Generative AI is ushering in a new era of innovative and personalized communication, empowering marketing teams to deliver tailored experiences at scale, aligning with the ever-heightening customer expectations of today. The potential of this cutting-edge tool extends across the entire spectrum of marketing, from internal operations to customer-facing interactions and product support. Recent surveys indicate a significant shift in the marketing landscape, with 67% of CMOs planning to incorporate generative AI within the next year, and a whopping 86% aiming to do so within 24 months.
AI has long played a role in optimizing various marketing functions, such as seamless cross-platform connectivity, instant issue resolution, and location-based personalization rooted in purchase history. However, generative AI solutions introduce a new dimension to marketing, enabling enhanced personalization at scale and the elevation of employee skills and performance.
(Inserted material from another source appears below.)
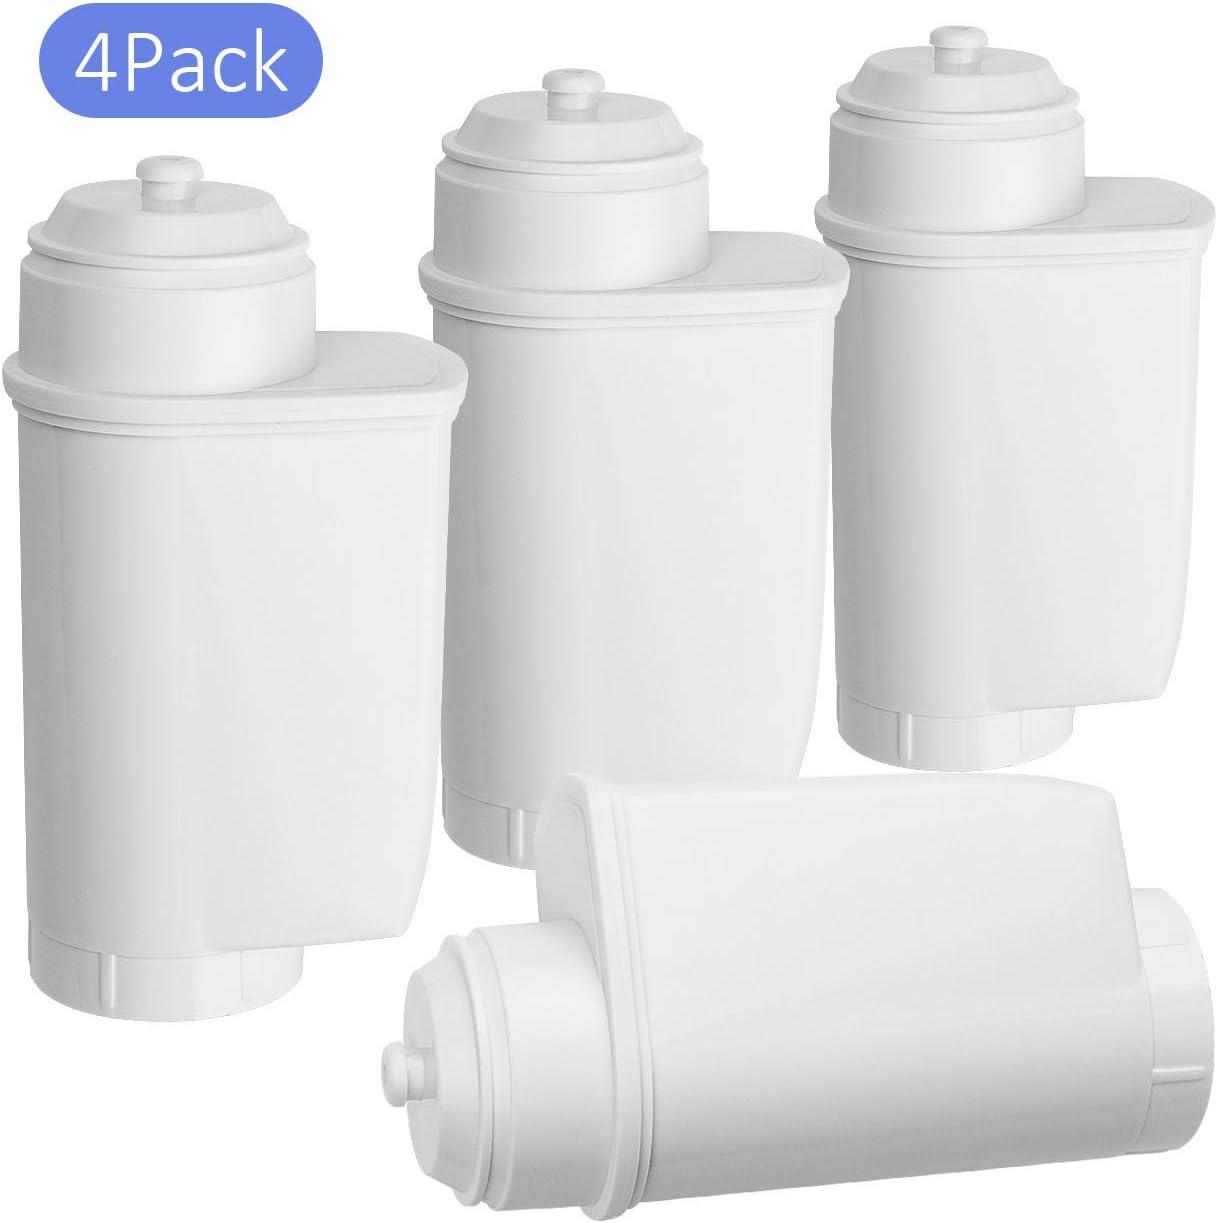 Maylove 4 Packung Wasserfilter f/ür Siemens EQ 6//9 TZ70003 Filter Kompatibel mit Brita Intenza Siemens EQ Series TZ70033 Bosch TCZ7003 TCZ-7003 TCZ7033 Schnelle Installation Kaffeemaschinenfilter

The advantages of generative AI are immense for enterprise marketing teams, yet its integration requires adaptation in terms of skills and processes. CMOs, when questioned about their primary concerns with adopting generative AI, identified three key challenges: managing the complexity of implementation, curating the necessary data, and addressing concerns related to brand and intellectual property (IP).
To successfully harness the potential of generative AI, a solid foundation in data is essential.
Data is the Fuel for Generative AI As with any AI implementation, the quality of data is paramount to achieving high-quality results. The adage “garbage in, garbage out” still holds true; superior data quality is imperative to produce accurate content. In marketing, generative AI can revolutionize content development and audience targeting. Effective data curation, along with stringent oversight to combat bias and ensure brand consistency and product/service information accuracy, is essential.
Consider a retail clothing company using generative AI to customize emails or online experiences for diverse customer personas. Generative AI’s advanced capabilities in text, visuals, and video can create personalized and engaging experiences, such as showcasing virtual models wearing outfits tailored to the customer’s body type, style preferences, and interests. Moreover, the tool can factor in external variables like weather, upcoming events, or the shopper’s location.
However, there’s a potential for generative AI to generate unexpected or off-topic content, referred to as “hallucination.” To mitigate this, teams should customize their models with proprietary datasets, in addition to relying on open-source internet data.
Crafting a Data-Driven Generative AI Marketing Strategy Before introducing effective generative AI solutions into your marketing arsenal, it’s imperative to formulate a strategy for implementing AI foundation models. Given the vast landscape of available data, both external and internal, defining use cases upfront is crucial. Understanding the benefits and risks associated with each use case will help create a prioritized roadmap for model training.
Marketers must collaborate closely with IT to establish the necessary data architecture for secure model building and deployment, while adhering to IP and confidential data protection measures. Establishing appropriate usage guidelines will safeguard your brand’s integrity and IP.
The Human Touch in Generative AI Even after deployment, the journey with generative AI continues. Foundation models continually evolve as they interact with customers and collect more data, enhancing their capabilities. Human oversight, including supervised fine-tuning with human annotations and reinforcement learning from human feedback, is essential to align the output of generative AI apps with human intentions, ensuring they remain ethical, helpful, and reliable.
Despite generative AI’s ability to produce human-like content for customers, it still requires human guidance to navigate ethical and legal concerns surrounding data use. Human reviewers play a vital role in identifying and correcting instances of bias or hallucination that may have crept into the generated content.
Adding Generative AI to Your Marketing Toolkit CMOs have identified content creation and editing, SEO, and social media marketing as the top B2B use cases for generative AI capabilities. They also highlight lead generation and sales nurturing as the top functions within B2B marketing. When it comes to concerns, data accuracy, privacy management, and the availability of skilled resources top the list. Therefore, adopting generative AI technology necessitates a pragmatic approach to building, testing, and learning about its capabilities, ensuring data protection, relevant customer experiences, and streamlined, cost-effective marketing processes.
Embark on your journey into generative AI with the right data sources and architecture that support access, quality, richness, and the safeguarding of your brand.